Gianni Trovati, Il Sole 24 Ore 14/1/2011, 14 gennaio 2011
SONO I ROMANI I PIÙ TASSATI D’ITALIA
Abitare a Roma costa in tasse locali il doppio che abitare a Milano, e per i redditi più modesti la differenza arriva al triplo.
C’è anche questo fattore nella crisi di fiducia che ha colpito la giunta Alemanno, anche se il Campidoglio è solo uno degli esattori che presentano il conto-record ai cittadini della Capitale.
L’ultimo tassello del super-fisco romano ha debuttato il 1° gennaio, ed è rappresentato dall’addizionale extra sull’Irpef comunale "suggerita" dalla manovra correttiva approvata dal governo Berlusconi prima dell’estate. Il comune, prevede la manovra, deve portare 200 milioni all’anno alla gestione commissariale che sta provando a portare Roma fuori dalle secche del mega-debito, e la super-Irpef è una misura chiave.
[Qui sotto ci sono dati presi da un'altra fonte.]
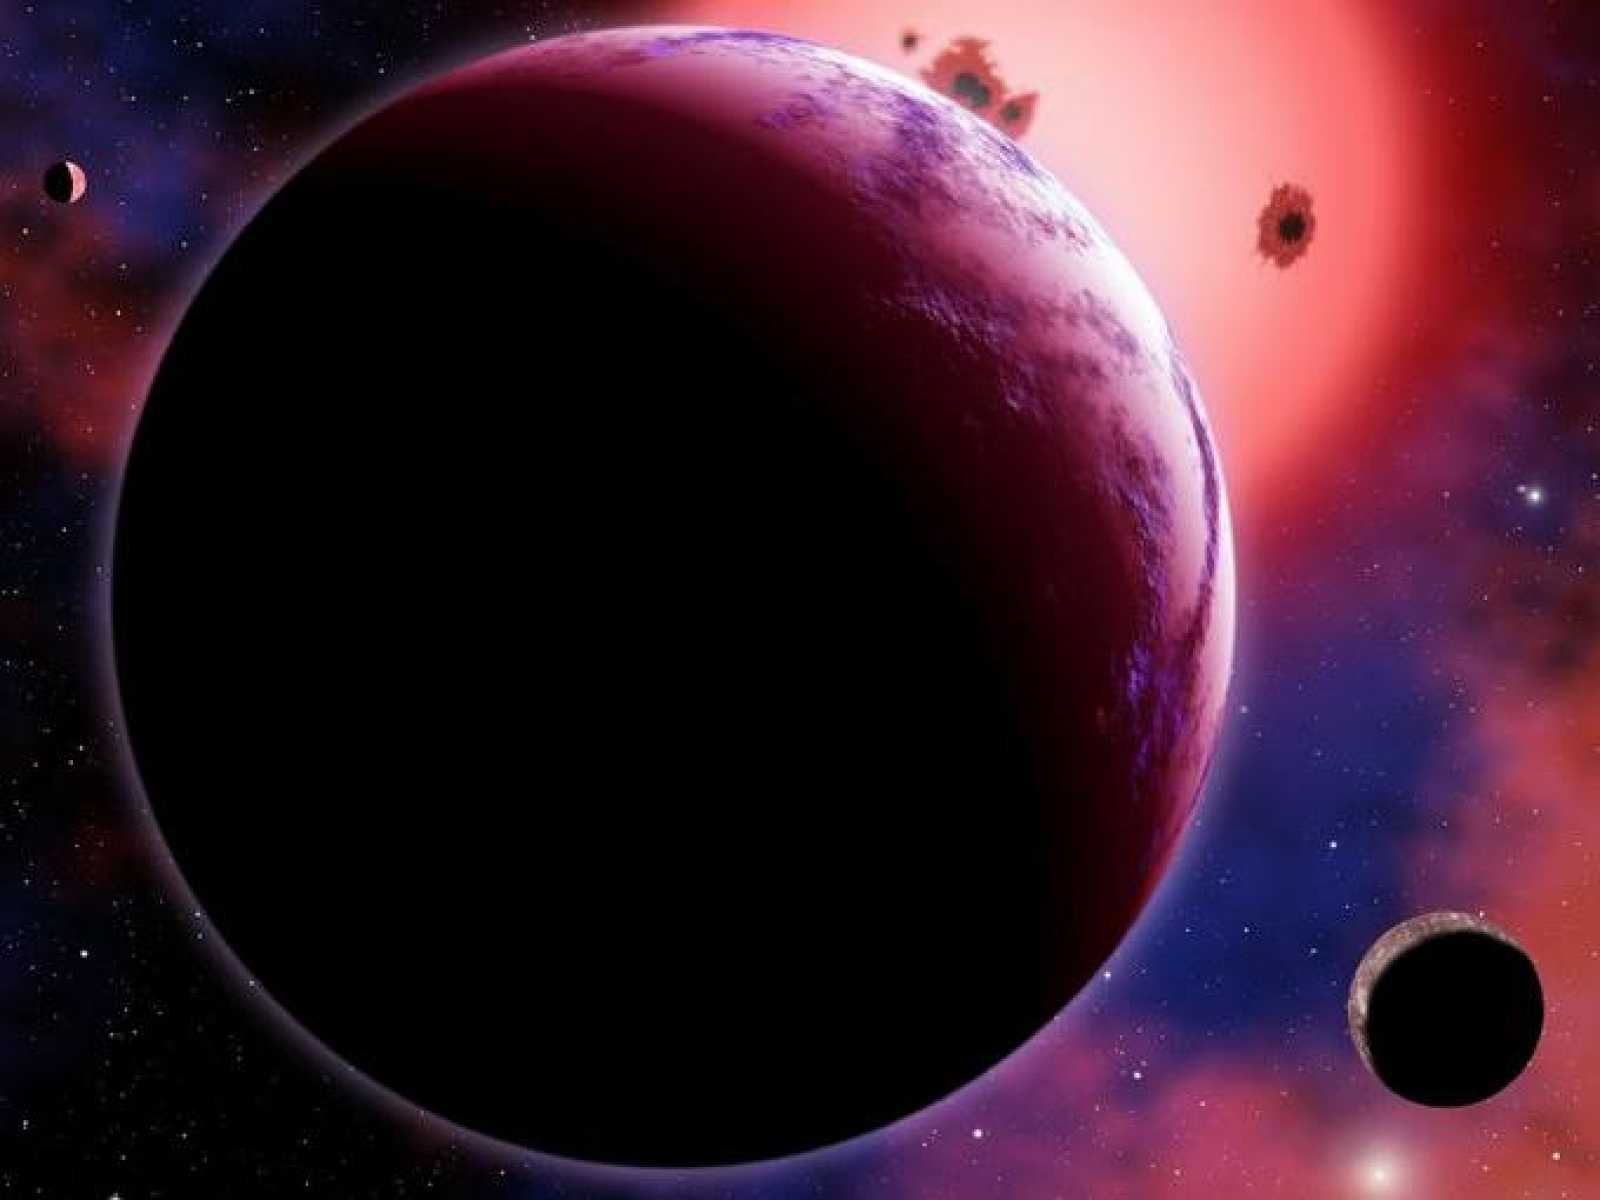 Representación artística del exoplaneta GJ 1214b

Risultato: il fisco dei sindaci rimane bloccato nella lunga attesa del federalismo fiscale, chi non ha mai introdotto l’Irpef (Milano, Brescia, Venezia, solo per fare qualche esempio) non può certo cominciare ora, mentre il fisco romano chiede a ogni residente lo 0,9% del proprio reddito, cioè un punto in più del limite nazionale. Lo stesso accade in regione, dove l’addizionale arriva all’1,7% (il tetto fissato dalla legge nazionale è all’1,4%) per chiudere l’emorragia dei conti sanitari.
I risultati della doppia mossa (mostrati anche in un’inchiesta pubblicata ieri sul «Sole-24 Ore Roma») fanno dei romani i cittadini più tassati d’Italia: con un reddito da 40mila euro, regione e comune chiedono in totale 1.040 euro all’anno, cioè 280 euro in più dell’anno scorso, mentre un milanese se la cava con 467 euro. Differenza Roma-Milano: 222,7 per cento. La distanza fra le due città cresce quando diminuiscono i redditi: a chi può contare su un’entrata annua da 10mila euro, infatti, Regione Lazio e comune di Roma chiedono un contributo da 260 euro, con un aumento di 70 euro rispetto alle richieste del 2010, mentre a Milano il conto finale è da 80 euro. La differenza, in questo caso, è del 288,9 per cento. L’effetto contrario alla progressività del prelievo è nel meccanismo stesso delle super-addizionali, che scattano ai livelli massimi per tutti e impediscono la gradualità delle aliquote che invece è presente nei territori lontani dall’emergenza dei conti.
Non ci sono solo le urgenze della gestione commissariale, però, a spingere l’attivismo dell’amministrazione capitolina sul fronte delle tasse. Anche il bilancio ordinario ha infatti i suoi problemi, che vengono affrontati con un mix di interventi «normali», cioè consentiti a tutte le città, e «speciali», figli di regole tagliate su misura per Roma. Tutti concentrati sul mattone.
Tra i primi c’è la revisione dei valori catastali, che vuole aggiornare i dati di riferimento per il fisco su 235mila immobili, sparsi in 17 aree della città. Questo strumento, introdotto dalla finanziaria 2006 ma inaugurato solo ora dal comune, è avvicinare i valori catastali a quelli di mercato, che viaggiano a livelli sei volte superiori, e adeguare di conseguenza le richieste fiscali (gli aumenti possibili dipendono dalle misure adottate su ogni immobile, e possono far triplicare il conto fiscale). Solo a Roma, invece, è stata alzata all’1% l’aliquota sulle case sfitte, che dovrebbe colpire oltre 130mila immobili in città.